Class CCMBlockCipher

  • All Implemented Interfaces:
    AEADBlockCipher, AEADCipher, CCMModeCipher

    public class CCMBlockCipher
    extends java.lang.Object
    implements CCMModeCipher
    Implements the Counter with Cipher Block Chaining mode (CCM) detailed in NIST Special Publication 800-38C.

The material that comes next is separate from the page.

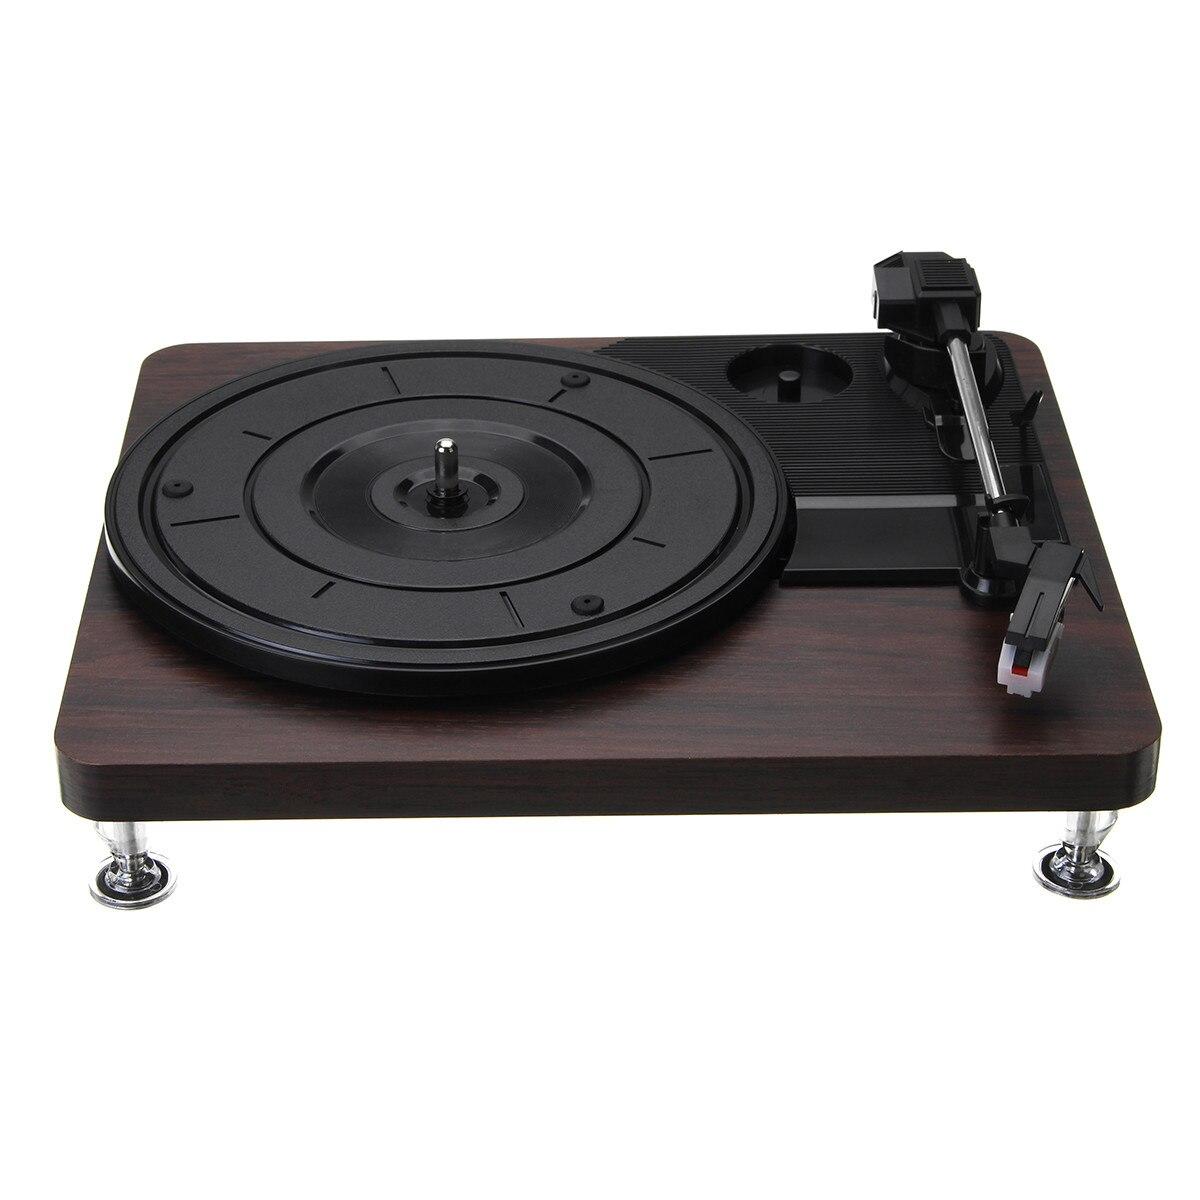 Plattenspieler Unterhaltungselektronik 33 Rpm Kunststoff Rekord Retro Player Portable Audio Grammophon Plattenspieler Disc Vinyl Audio Rca R/l 3,5 Mm Ausgang Out Usb Dc 5 V
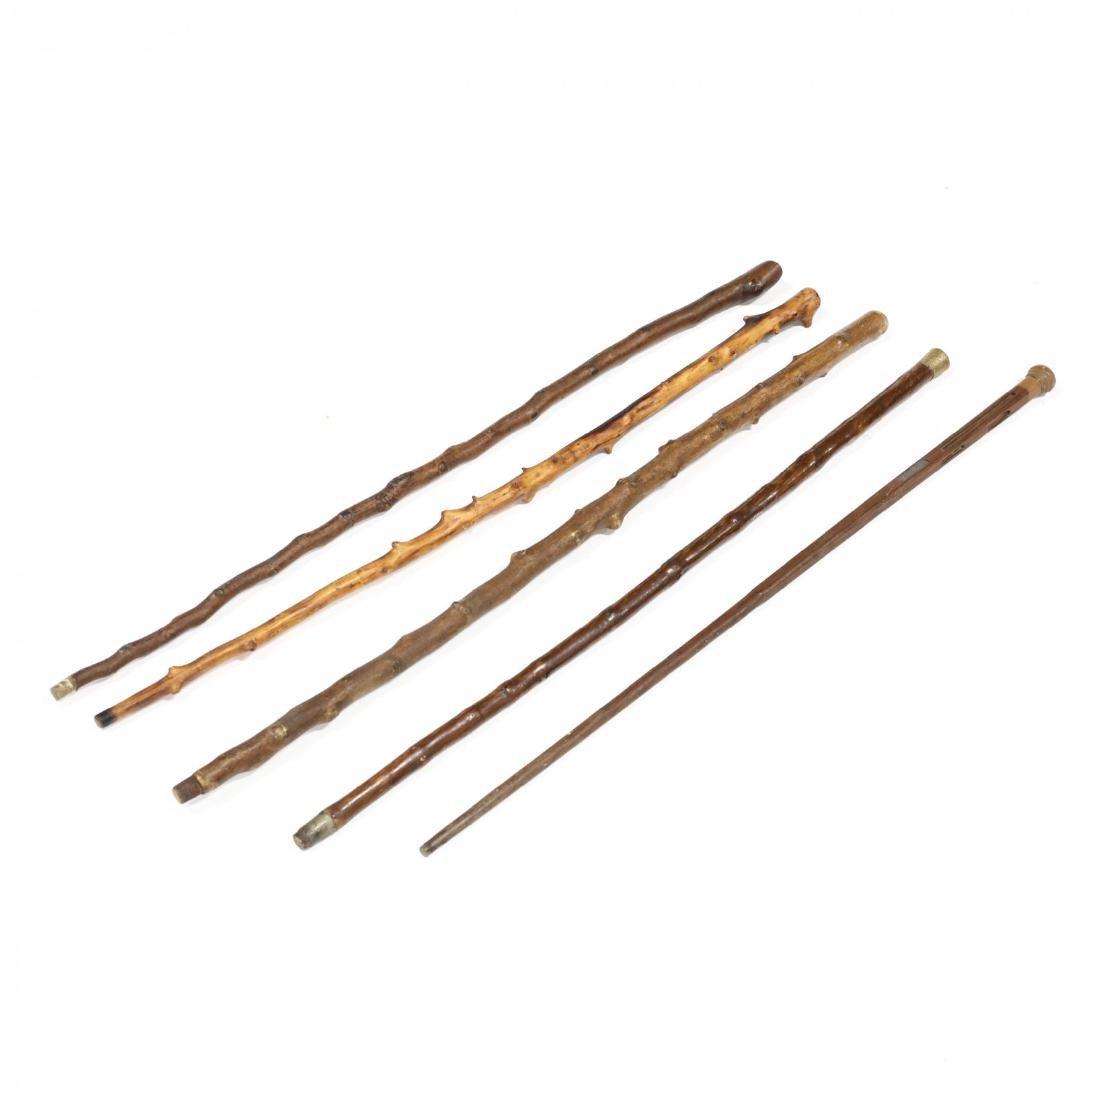 Five Vintage Walking Sticks

    Note: this mode is a packet mode - it needs all the data up front.

    • Constructor Summary

      Constructors 
      Constructor Description
      CCMBlockCipher​(BlockCipher c)
      Deprecated.
      use the CCMBlockCipher.newInstance() static method.
    • Method Summary

      All Methods Static Methods Instance Methods Concrete Methods 
      Modifier and Type Method Description
      int doFinal​(byte[] out, int outOff)
      Finish the operation either appending or verifying the MAC at the end of the data.
      java.lang.String getAlgorithmName()
      Return the name of the algorithm.
      byte[] getMac()
      Returns a byte array containing the mac calculated as part of the last encrypt or decrypt operation.
      int getOutputSize​(int len)
      return the size of the output buffer required for a processBytes plus a doFinal with an input of len bytes.
      BlockCipher getUnderlyingCipher()
      return the underlying block cipher that we are wrapping.
      int getUpdateOutputSize​(int len)
      return the size of the output buffer required for a processBytes an input of len bytes.
      void init​(boolean forEncryption, CipherParameters params)
      initialise the underlying cipher.
      static CCMModeCipher newInstance​(BlockCipher cipher)
      Return a new CCM mode cipher based on the passed in base cipher
      void processAADByte​(byte in)
      Add a single byte to the associated data check.
      void processAADBytes​(byte[] in, int inOff, int len)
      Add a sequence of bytes to the associated data check.
      int processByte​(byte in, byte[] out, int outOff)
      encrypt/decrypt a single byte.
      int processBytes​(byte[] in, int inOff, int inLen, byte[] out, int outOff)
      process a block of bytes from in putting the result into out.
      byte[] processPacket​(byte[] in, int inOff, int inLen)
      Process a packet of data for either CCM decryption or encryption.
      int processPacket​(byte[] in, int inOff, int inLen, byte[] output, int outOff)
      Process a packet of data for either CCM decryption or encryption.
      void reset()
      Reset the cipher.
      • Methods inherited from class java.lang.Object

        clone, equals, finalize, getClass, hashCode, notify, notifyAll, toString, wait, wait, wait
    • Constructor Detail

      • CCMBlockCipher

        public CCMBlockCipher​(BlockCipher c)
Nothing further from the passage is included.